Besides KudoBuzz, you can find a few other product review apps on the Wix App Market.
Shopify has its own completely free product reviews app, creatively named *Product Reviews*. It’s very basic, though. You are better off with other options available on the Shopify App Store. For example, Judge.me is a good free alternative. In addition, the Shopify App Store has some awesome, better-than-any-Wix-app product review apps as well, like Okendo and Junip.
Most dropshipping stores I come across are made with Shopify.
It’s because of these three obvious reasons:
- Shopify has a wider range of dropshipping apps than Wix: Searching “Dropshipping” on Shopify App Store gives 450+ results; the same on Wix gives only 36 results. Also, Shopify dropshipping apps are rated highly — the DSers - AliExpress Dropshipping app has almost 10,000 positive reviews on Shopify, for example. Comparatively, Wix’s own Modalyst app has under 1000 reviews.
- Shopify has been a promoter of the dropshipping model for a long time (them acquiring Oberlo, a dropshipping platform, in 2017 is proof). Wix only recently started focusing on dropshipping — they acquired Modalyst in 2021, and many of the dropshipping apps on the Wix App market were added in the last couple of years.
- Shopify is a better ecommerce platform.
Shopify Ecommerce vs Wix Ecommerce: VerdictIn every important way, in the world of ecommerce builders, Shopify is better than Wix.
- Shopify offers more shipping options.
- Shopify offers more fulfillment options.
- Shopify’s tax setting feature is superior.
- Shopify Payments is better and cheaper than Wix (at least for US-based businesses).
- Shopify helps manage inventory better. Also, you can add multiple inventory locations in Shopify (most big stores have multiple locations).
- Shopify’s product collection, product options, product reviews, and dropshipping features/apps are preferable.
Templates (and, in extension, demo stores made with them) tell a story about how your website will look and function. The templates also showcase what kind of & size of websites they are made for.
Here’s how Wix Templates compare to Shopify Themes — I compare them for the looks, the functionalities, and ease of use.
Wix has over 800 templates overall and 132 templates for online stores.
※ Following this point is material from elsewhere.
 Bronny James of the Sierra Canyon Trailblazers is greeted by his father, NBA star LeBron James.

They are free and easy to customize.
Because Wix has started to take ecommerce seriously only in the past few years, most Wix Templates are made recently and hence look modern. For example, Wix’s favorite T-Shirt Store Website Template is trendy and well-organized:
However, I feel Wix likes to advertise the massive number of their templates (“We have 800+ templates”), so they don’t get rid of arguably dated templates. For example, this Wix template would be considered good…if it were 2010(!):
Wix templates are suitable for small stores
If you look through all Wix templates, you’ll notice a pattern (in its features) that points you to one conclusion: Wix is only good for small stores.
For example, many Wix templates (like the “trendy” t-shirt store template) don’t even have a search bar embedded in the header.
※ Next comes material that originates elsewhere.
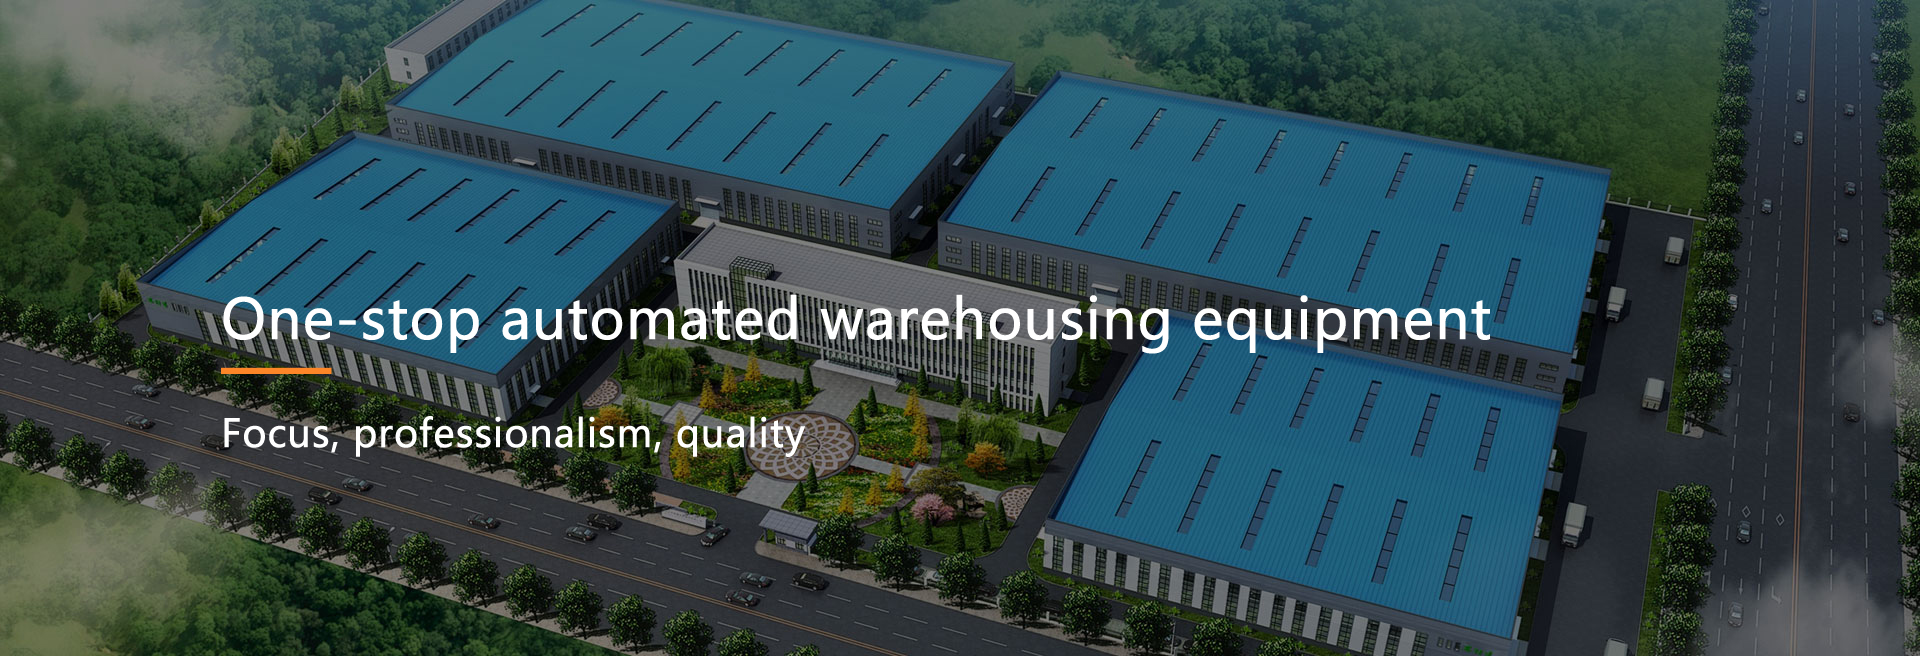 One-stop automated warehousing equipment

My interpretation of it is this template looks best/is for stores that don’t require a search bar, i.e., stores with so fewer products that visitors can look at them all in one scroll or a couple of clicks. [You can externally add the search bar by adding the “Wix site search” app.]
Besides, I noticed Wix templates don’t have/have subpar mega menus, detailed product filtering, live search, etc. These features are necessary to build high-converting large catalog stores.
Wix template editor
Wix has a drag-and-drop, visual, unstructured template editor. It gives you a lot of control over the theme of your choice.
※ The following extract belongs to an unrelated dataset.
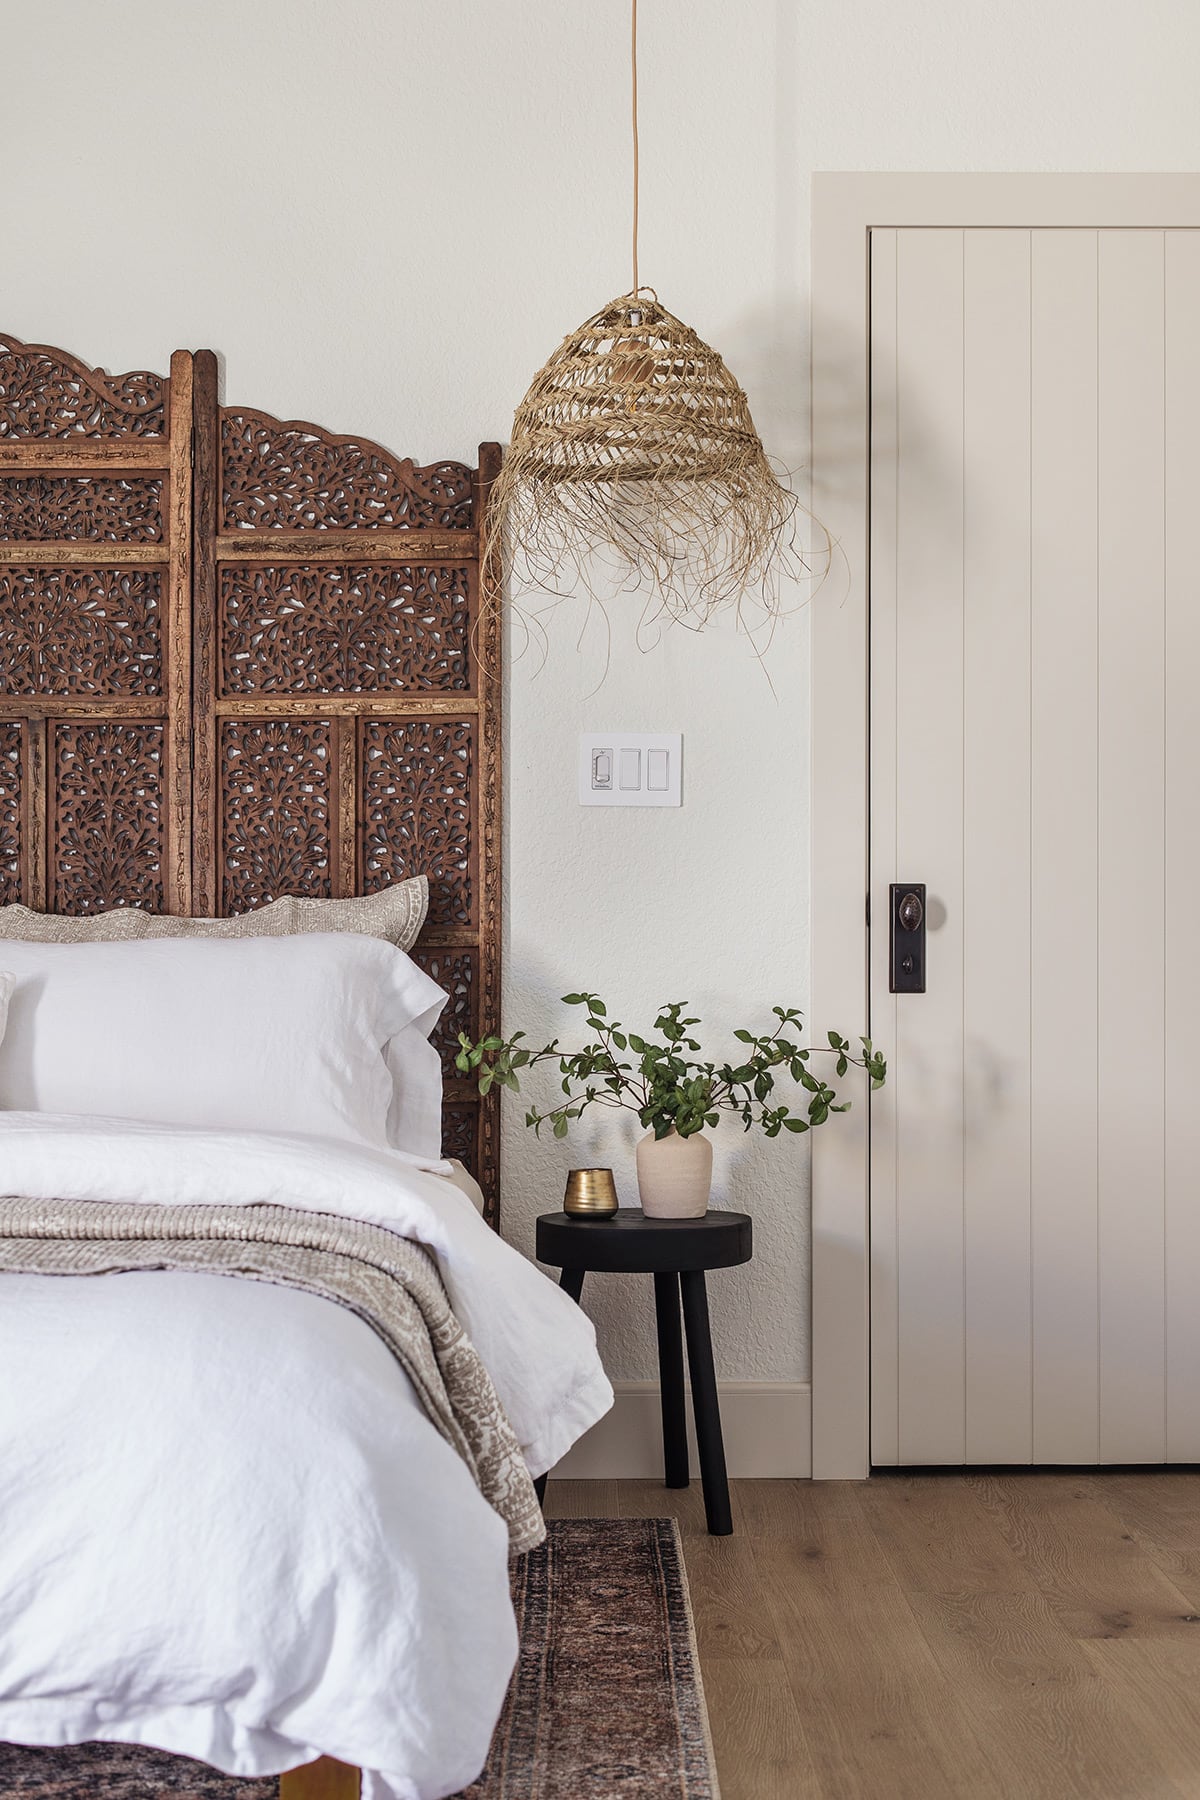 moroccan style bedroom with carved wood headboard and straw pendant lights, alabaster walls

You can add/remove/edit/move sections and blocks anywhere and everywhere on the webpage. For example, here, I added a “Welcome” section and moved its text blocks to multiple places, and they fit there pixel-perfect:
It’s great from a customizability point of view, but it brings two major disadvantages:
- If you are not familiar with web design principles, you can easily mess up your store’s design, UX, and conversions. And sometimes Wix does it for you:
- You’ll have to edit the mobile version of your site every time you edit the desktop site (and vice versa).
Besides the drag-and-drop editor, Wix also has Dev Mode (Velo by Wix) that lets you make custom edits through code. For example, if you want to animate a transition on your website, you’ll need to edit code — a drag-and-drop editor won’t do.
Shopify has 125 verified themes. Eleven of them are free. And the paid themes have a one-time cost of anywhere between $180-$350. (You can also choose from thousands of unverified, third-party themes — more on it below.)
All Shopify Themes are mobile responsive.
You can explore all the themes by the features, catalog size they’re meant for, theme category, etc.
Each theme is fresh, modern, and sophisticated. And each theme follows the UI best practices for ecommerce stores. For example, this theme is free and comparable to Wix’s T-shirt store theme (and this one has a search bar by default!):
Shopify Themes are suitable for stores of all sizes
The Sense theme is for small stores. But Shopify also has powerhouse themes that suit big catalogs (200+ products) and high-volume stores well.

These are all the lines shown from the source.